Our configuration : An 840 runing 7.0 with a 7963B 0.9Gig diskbox and 4
                    7935 (400Meg each).

It all started to happen one fine day in May - a couple of months after
we went to 7.0 - I had not changed anything much during that period.

Here is what happened :

Even as I was working, the system slowed down - and after a few minutes
of such slow activity, it came to a state where even my cursor wouldn't
move.  And after a couple of minutes the system rebooted itself.
The message in the adm file was similar to (sorry for a listing the whole
mesg - but I am doing so in the hope that some HP-UX guru there may use it) :

===============
Jul 16 12:05
trap type 15, pcsq.pcoq = 0.49434, isr.ior = 0.1c

PANIC:  please wait for core dump to complete.
@(#)9245XA HP-UX (sys.A.B7.00.3L/S800) #1: Mon Oct 30 17:59:05 PST 1989
panic: (display==0xb000, flags==0x0) Data segmentation fault

PC-Offset Stack Trace (read across, most recent is 1st):
stktrc: can't find rp
  0x000d0f78  0x000d1160  0x000d12ec  0x00082854  0x000790a8  0x00049434
End Of Stack

sync'ing disks (90 buffers to flush): 90 76 67 54 43 34 26 22 19 14 11 7 4 1
0 buffers not flushed
0 buffers still dirty

dumping 25165824 bytes to dev 0x207, offset 18326 ...
Dump successfully completed.
Beginning I/O System Configuration.
cio_ca0 address = 8
   hpib0 address = 0
      disc0 lu = 0 address = 0
      disc0 lu = 1 address = 1
      disc0 lu = 2 address = 2
      disc0 lu = 3 address = 3
   mux0 lu = 0 address = 1
   hpib0 address = 2
      lpr0 lu = 1 address = 0
      lpr0 lu = 0 address = 1
      tape1 lu = 0 address = 3
      tape1 lu = 1 address = 4
      lpr1 lu = 2 address = 5
      instr0 lu = 0 address = 6
      instr0 lu = 2 address = 2
   mux0 lu = 1 address = 3
   lan0 lu = 0 address = 4
   gpio0 lu = 0 address = 5
   hpib0 address = 6
      disc0 lu = 4 address = 0
      disc0 lu = 5 address = 1
      disc0 lu = 6 address = 2
      disc0 lu = 7 address = 3
   hpib0 address = 7
      lpr0 lu = 3 address = 1
      tape1 lu = 2 address = 3
      lpr1 lu = 4 address = 5
      instr0 lu = 1 address = 7
   mux0 lu = 2 address = 8
   mux0 lu = 3 address = 9
   mux0 lu = 4 address = 10
   mux0 lu = 5 address = 11
I/O System Configuration complete.
Configure called
Beginning Subsystem Initialization
   nsnsipc0 initialized
   nsrfa0 initialized
Subsystem Initialization Complete
Beginning Filesystem Initialization
   ufs initialized
   nfs initialized
Filesystem Initialization Complete
@(#)9245XA HP-UX (sys.A.B7.00.3L/S800) #1: Mon Oct 30 17:59:05 PST 1989
real mem = 25165824
lockable mem = 17342464
avail mem = 19243008
using 614 buffers containing 2514944 bytes of memory

===============

So basically it crashed because of some data segmentation fault and
rebooted itself.

Well, I found that when this happened every morning, the pathalias was
running - pathalias should have been done in 5 mins at night, but would
carry on till morning.  Then came a hint that pathalias might be indeed
the problem as it seemed to be stuck somewhere and was just hogging
memory.

So I replaced pathalias with a new version and the system stopped crashing.
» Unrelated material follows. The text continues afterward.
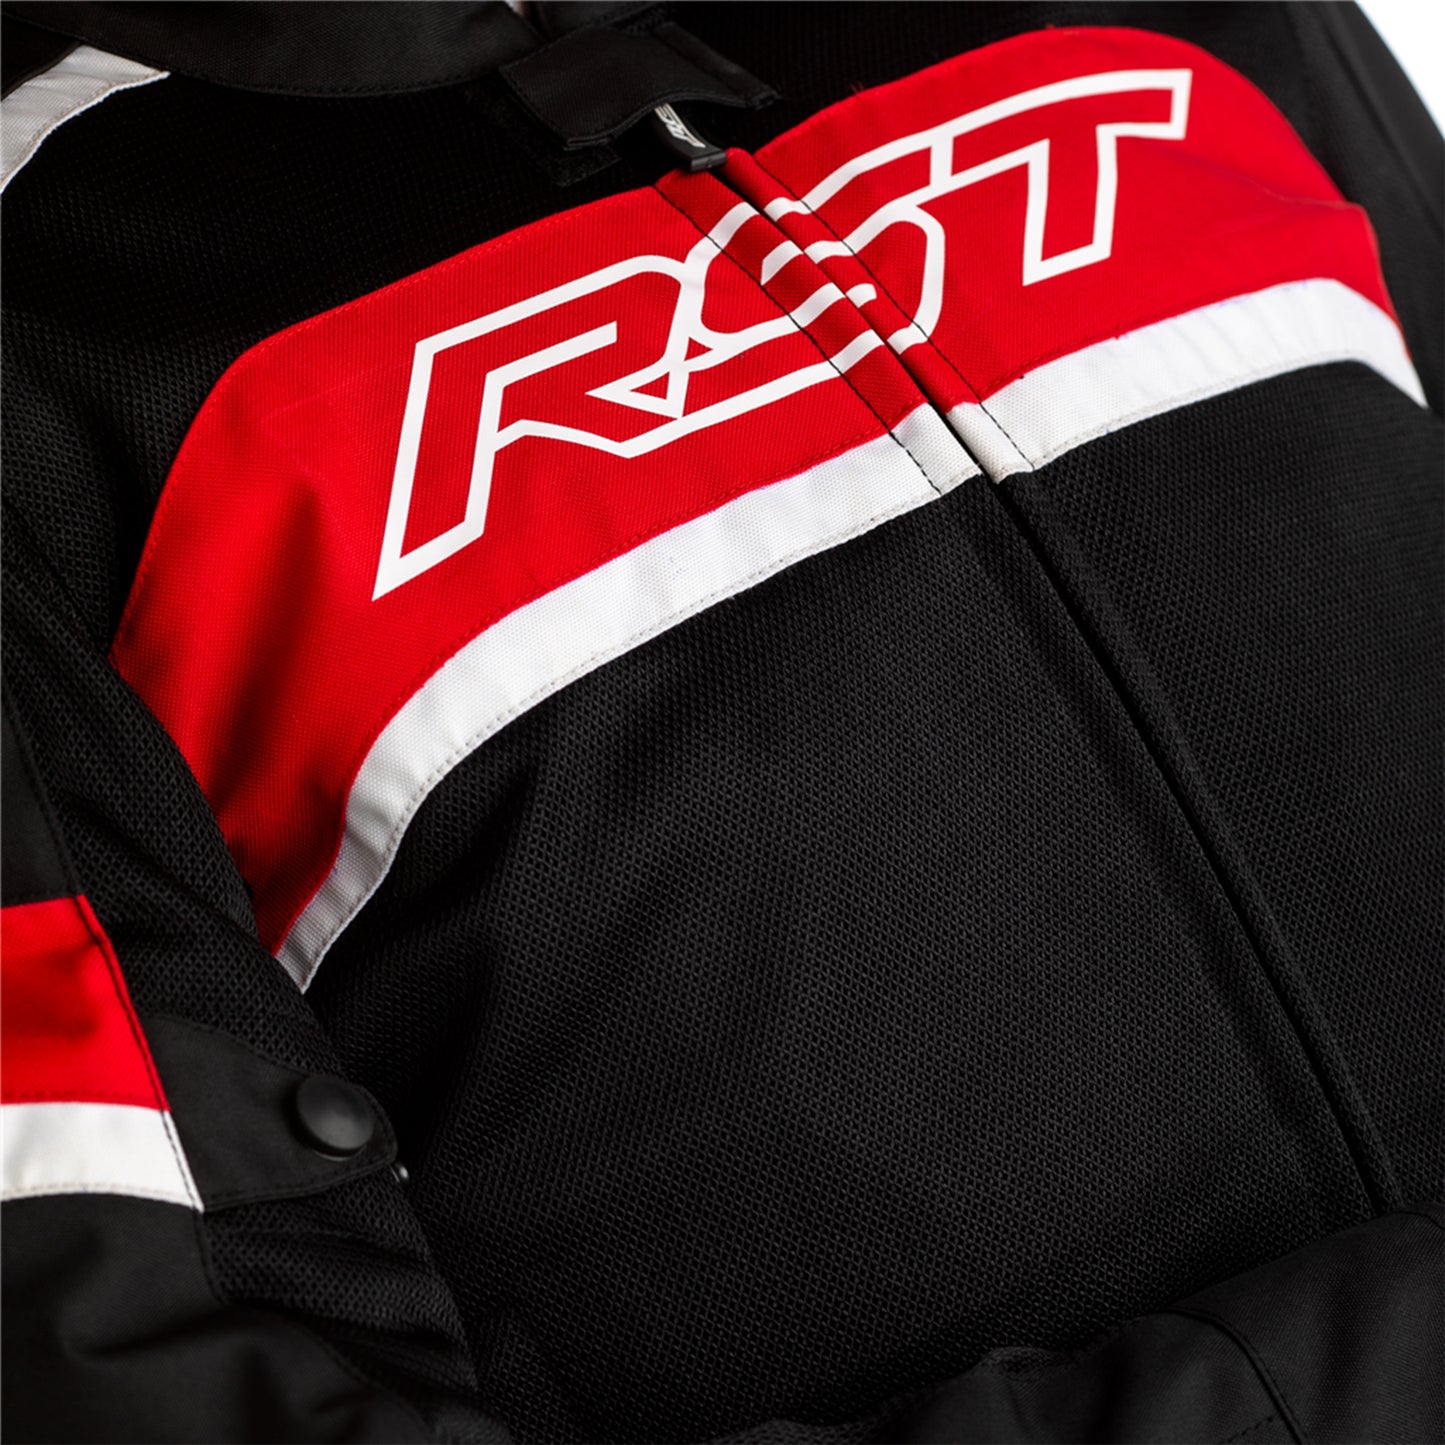 RST Pilot Air CE Men's Waterproof Textile Jacket - Black / Red / White (2408)

Yes - I took a core dump along with the pathalias version we were running
and also the maps and shipped them to HP about 2 months back.  They are
yet to call us back.  Incidentally, the crash occurred again this week
(as the log above shows) and this time it was not pathalias - some one
was running a large program.

So I feel that it is something to do with memory utilization - not hardware.

Any HP-UX gurus listening and can shed some light (at least someone who
can make my confidence in HP support build up) ?

> The one thing that seems to happen 90% of the time after the crash the LED
> marked 1 on the 7963 flashes constantly.  Does this mean anything?

Hmm.. I did not notice that - but could it be just that the disk is not
clean and/or is getting fsck'd when rebooting?

> Anyway we are getting near the end of the rope on this box, we've replaced
> the power coming in ( Which HP keeps insisting thats our problem... )

I wouldn't spend a dime on that power stuff if I were you - it could be
another goose chase that the response center folks had to come up with.

Though we have had some help from the HP folks on this net at times, I
guess we haven't chanced into 'that right person' in the response center
yet who would boost my confidence that 'they know their bugs'.


> Anyone have any similar expirences???
> ----------------------
> Randy Welch               UUCP    :  ...!ncar!scicom!bldr!randy  (work)


Thanks in advance for any more light some HP-UX guru can shed on this.

--
Ramaswamy Krishnan				Krishnan@UC.EDU  (ARPA)
College of Engineering				uceng!krishnan   (UUCP)
Univ. of Cincinnati				krishnan@ucbeh   (BITNET)